Not nearly matching the performance of being parametrized in the first place.

Are there work arounds I am missing?

EDIT:
Also worth pointing out:

julia> function construct_random_vector5(p::Int)
           x = Vector{Float64}(p)
           x
       end
construct_random_vector5 (generic function with 1 method)

julia> function mult_rand5(p::Int)
         x = construct_random_vector5(p)
         y = construct_random_vector5(p)
         dot(x,y)
       end
mult_rand5 (generic function with 1 method)

julia> function svw5(p::Int)
         rand_prod = mult_rand5(p)
       end
svw5 (generic function with 1 method)

julia> @code_warntype svw5(a)
Variables:
  #self#::#svw5
  p::Int64
  rand_prod::Float64
  x@_4::Any
  y::Any
  x@_6::Array{Float64,1}
  x@_7::Array{Float64,1}

Body:
  begin 
      $(Expr(:inbounds, false))
      # meta: location REPL[4] mult_rand5 2
      # meta: location REPL[3] construct_random_vector5 2
      x@_6::Array{Float64,1} = $(Expr(:foreigncall, :(:jl_alloc_array_1d), Array{Float64,1}, svec(Any, Int64), Array{Float64,1}, 0, :(p), 0))
      # meta: pop location # line 3:
      # meta: location REPL[3] construct_random_vector5 2
      x@_7::Array{Float64,1} = $(Expr(:foreigncall, :(:jl_alloc_array_1d), Array{Float64,1}, svec(Any, Int64), Array{Float64,1}, 0, :(p), 0))
      # meta: pop location
      # meta: pop location
      $(Expr(:inbounds, :pop))
      SSAValue(0) = $(Expr(:invoke, MethodInstance for dot(::Array{Float64,1}, ::Array{Float64,1}), :(Main.dot), :(x@_6), :(x@_7)))
      return SSAValue(0)
  end::Float64

julia> @benchmark svw5($a)
BenchmarkTools.Trial: 
  memory estimate:  256 bytes
  allocs estimate:  2
  --------------
  minimum time:     74.900 ns (0.00% GC)
  median time:      78.476 ns (0.00% GC)
  mean time:        84.285 ns (4.32% GC)
  maximum time:     631.964 ns (77.53% GC)
  --------------
  samples:          10000
  evals/sample:     973

That it is worth considering cost benefit of StaticArrays vs type instability (vs throwing an error when the Hessian isn’t full rank).


#2

In general, you don’t want to do dynamic dispatch in your innermost loops.
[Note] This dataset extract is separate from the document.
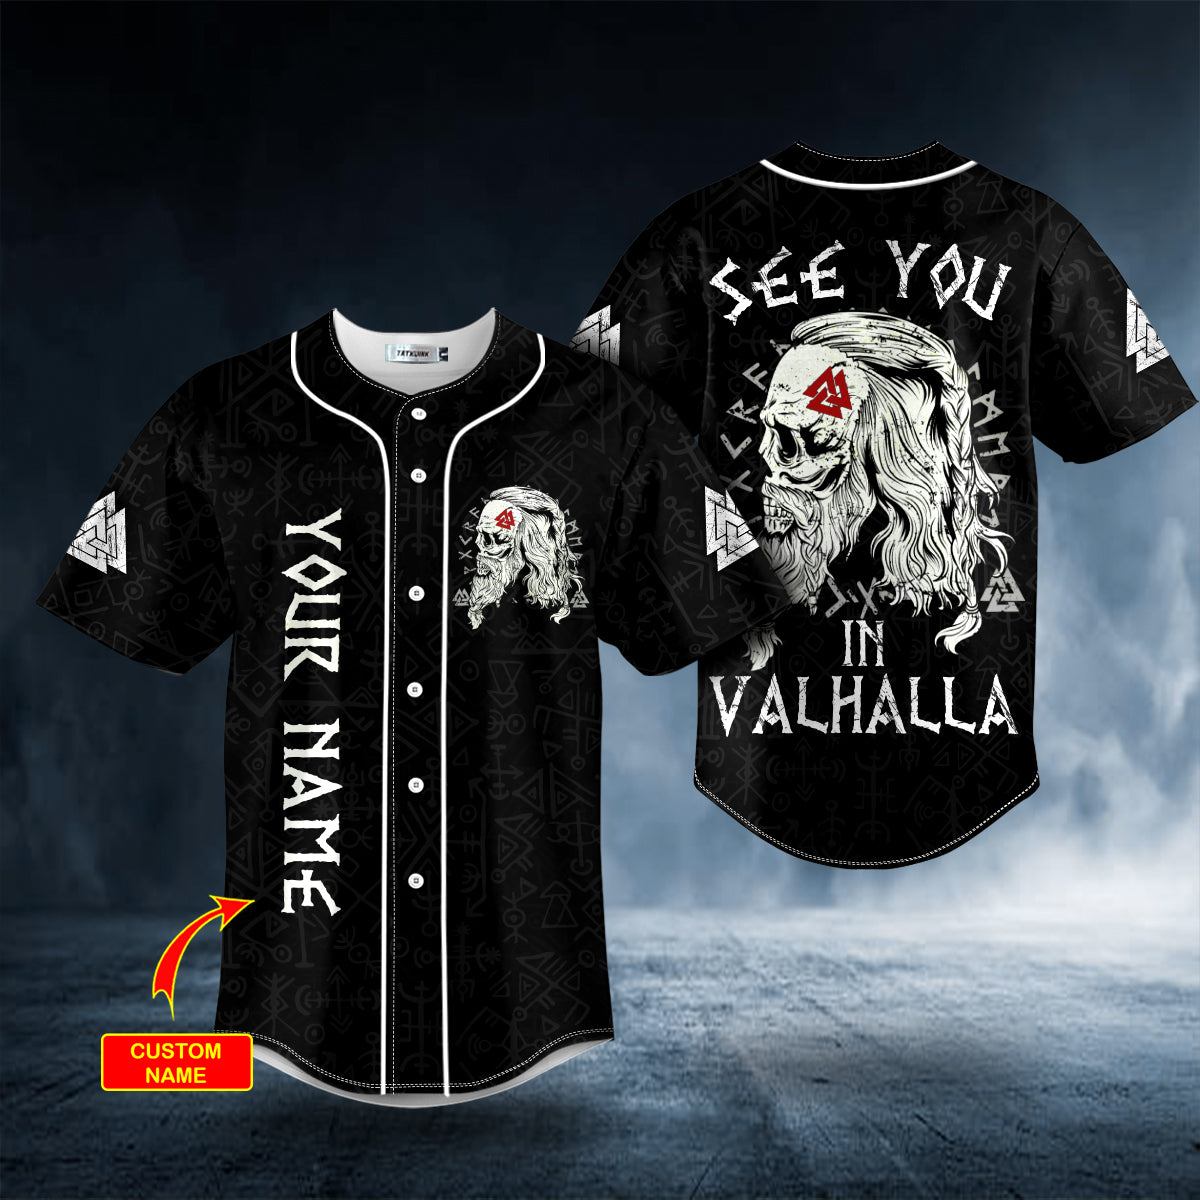 see you in valhalla valknut viking skull custom baseball jersey bsj 884 hsvxe

Determine the dimensionality p once, in an “outer” function outer, and then dispatch to function inner that is parameterized by p that does all of your core computations. (That is, the expensive loops are in inner, not in outer.

Your mult_rand function is too cheap, for example: you don’t want dynamic dispatch to occur at this point.

Note also that your construct_random_svector3 calls randn(p), which allocates an array on the heap, killing most of the advantage of using SVector. Don’t do heap allocation in your innermost performance-critical functions!

I assume that your construct_random_svector1 function is supposed to call randn(p) like in construct_random_svector3? Vector{Float64}(p) allocates an uninitialized array, and comparing it to computations that call randn is meaningless.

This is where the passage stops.